Upper Peninsula Power Company
- Trade name: UPPCO
- Industry: Electric power industry
- Founded: 1947
- Headquarters: 1002 Harbor Hills Drive, Marquette, Michigan, United States
- Key people: Gradon Haehnel, CEO
- Number of employees: 169
- Website: www.uppco.com

= Upper Peninsula Power Company =

Electric power utility in Michigan

The Upper Peninsula Power Company (UPPCO) is an electrical power utility provider headquartered in Marquette, Michigan, with service centers in Escanaba, Houghton, Iron River, Ishpeming, Munising and Ontonagon.

== History ==
The Upper Peninsula Power Company was formed in 1947 as a result of the merging of three electric utility providers: the Houghton County Electric Light Company, the Copper District Power Company, and Iron Range Light and Power.

UPPCO joined a coalition led by Wisconsin Public Service Corporation (WPS) in 1961 to create a coordination of electrical service providers in Upper Michigan and Wisconsin. Through this agreement, the Wisconsin-Upper Michigan System (WUMS) was created with the ultimate goal of increasing the electrical grid resiliency by coordinating operational tasks such as equipment maintenance and construction of infrastructure facilities.
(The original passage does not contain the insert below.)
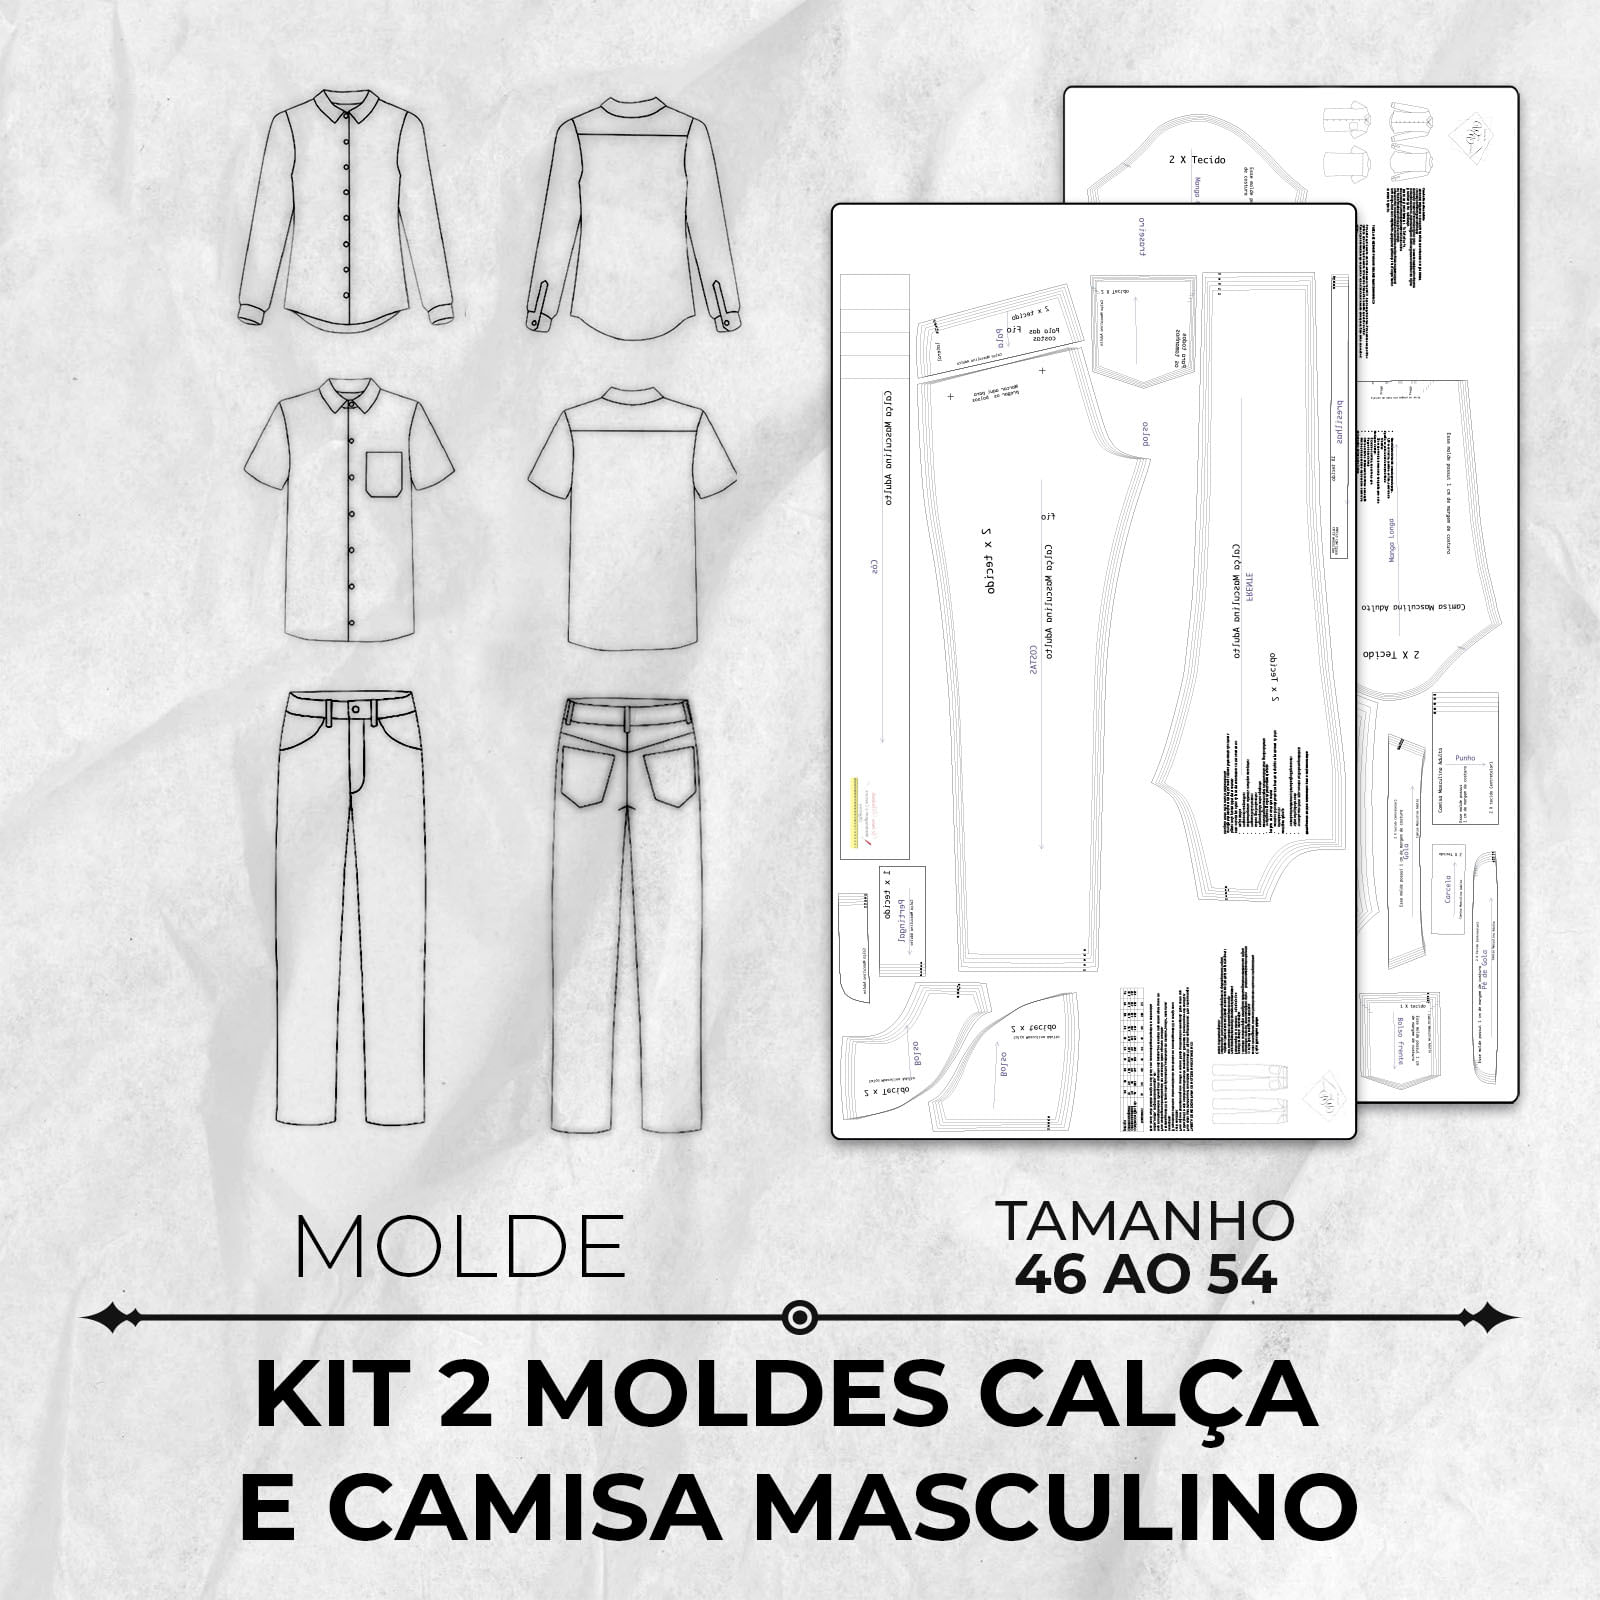 Kit 2 moldes calça e camisa masculino tamanho 46 ao 54 by Wania Machado

In 1994, Wisconsin Public Service Corporation (WPS) formed the WPS Resources Corporation which became the holding company most partnered electric utility providers (excluding UPPCO) operated under at the time. UPPCO was eventually acquired by the holding company in 1998.
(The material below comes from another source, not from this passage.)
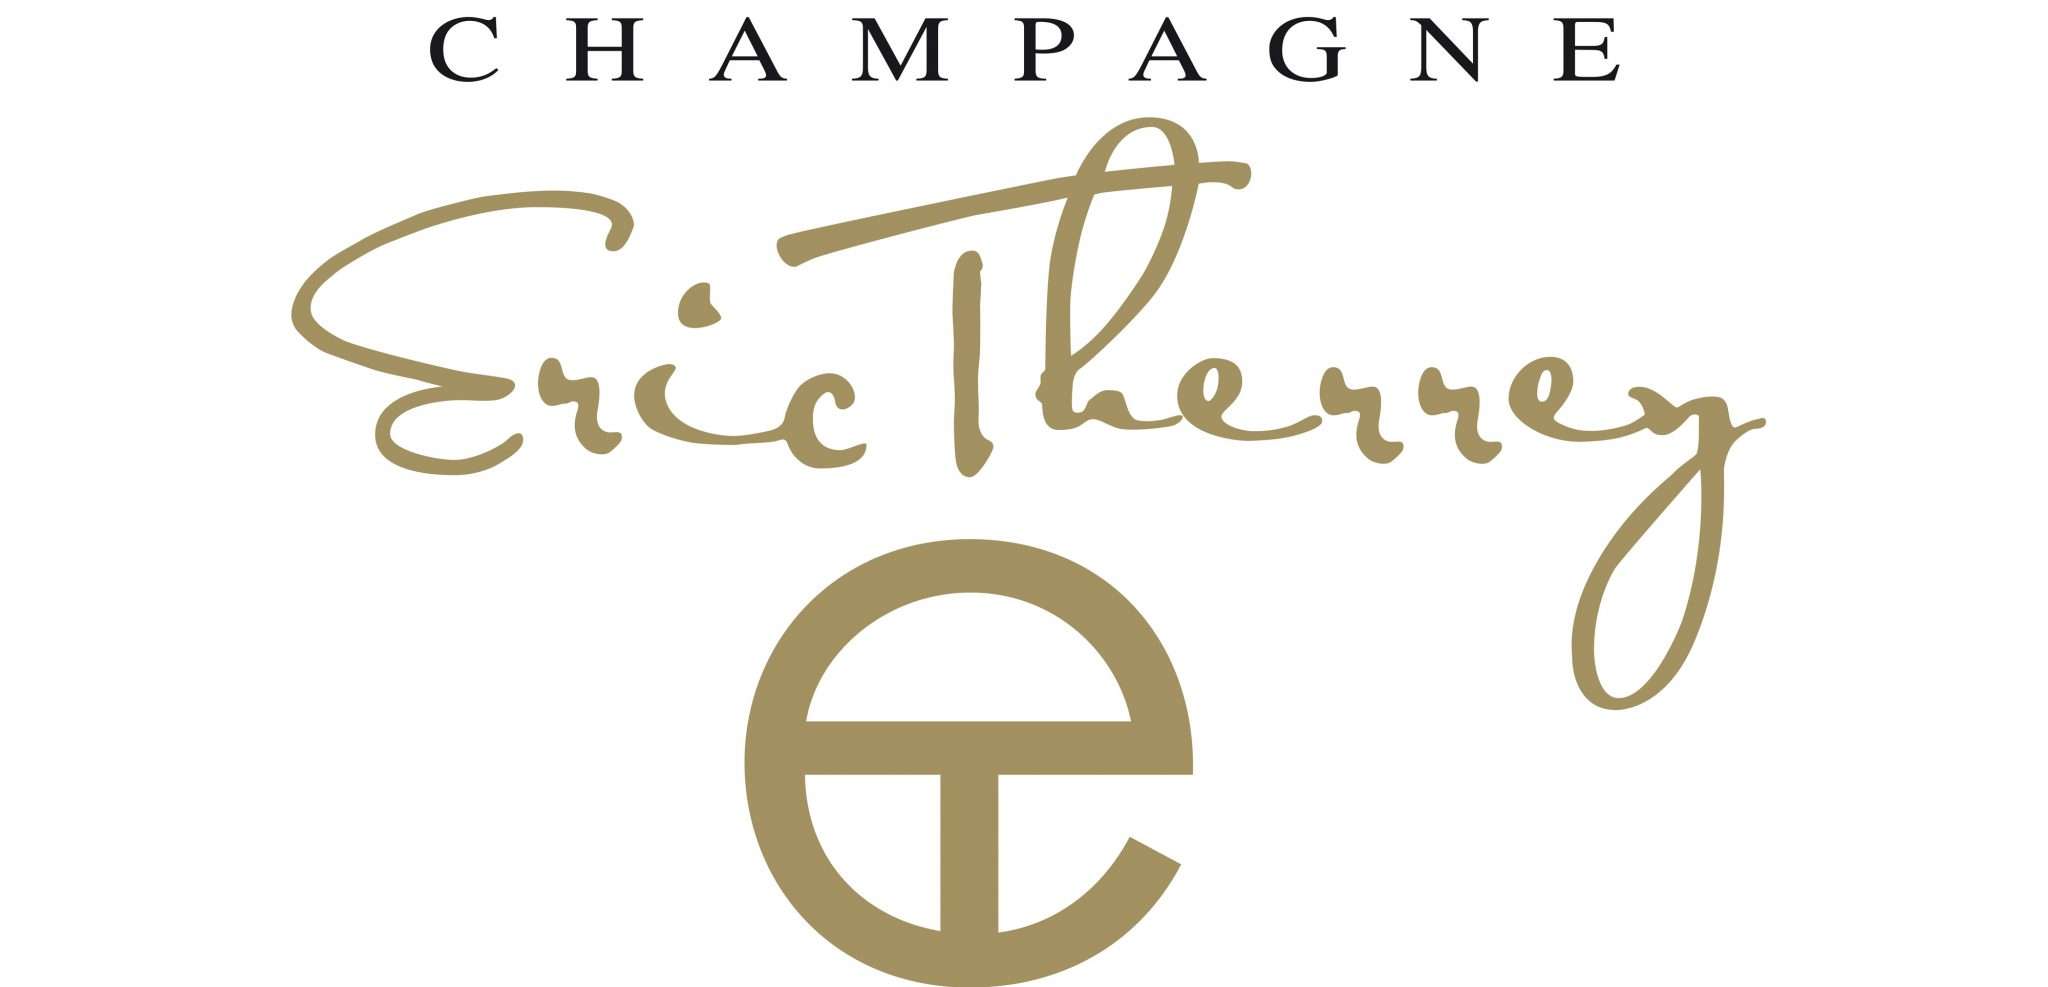 - Champagne Eric Therrey -

In 2007, UPPCO negotiated a separation from Integrys Energy Group (the new holding company resulting from a merger between WPS Resources Corporation and Peoples Energy Corp.). The separation was effectively completed in 2017 and UPPCO resumed operation as an independent electric utility provider.

== Service area ==
The UPPCO service area includes 10 counties in the central and western portion of Michigan's Upper Peninsula including: Alger, Delta, Marquette, Menominee, Schoolcraft, Baraga, Houghton, Iron, Ontonagon, and Keweenaw. The company serves approximately 52,000 customers which equates to approximately 12 customers per square mile.

== Power generation ==
UPPCO generates approximately 20% of the electrical power distributed to its customers. Additional power is purchased from Consumers Energy in lower Michigan and the Wisconsin Energy Corporation (WE Energies). UPPCO operates multiple electrical power generation plants primarily including hydroelectric dams. Operational facilities include:
- Victoria Dam in Rockland, Michigan - 12.2 Megawatts
- Boney Falls Dam in Cornell, Michigan - 4.1 Megawatts
- Prickett Hydroelectric Dam in Baraga, Michigan - 2 Megawatts
- Hoist Hydroelectric Dam in Negaunee, Michigan - 3.4 Megawatts
- Escanaba 1 Hydroelectric Dam in Escanaba, Michigan - 1.6 Megawatts
- Escanaba 3 Hydroelectric Dam in Escanaba, Michigan - 3 Megawatt

== Power transmission and distribution ==
UPCCO operates all transmission lines at 138,000 volts and has transmission interconnections with Wisconsin Public Service Corporation as well as Wisconsin Energies and the Cloverland Electric Cooperative.

UPPCO operates sub-transmission systems at 69,000 volts and has sub-transmission interconnections with the Marquette Board of Light and Power, Alger-Delta Electric Cooperative, and Cloverland Electric Cooperative.

UPPCO operates its distribution network at 12,470/7,200 volts. The company's distribution network includes approximately 3,300 miles of both single and three phase power circuits served by 58 distribution substations.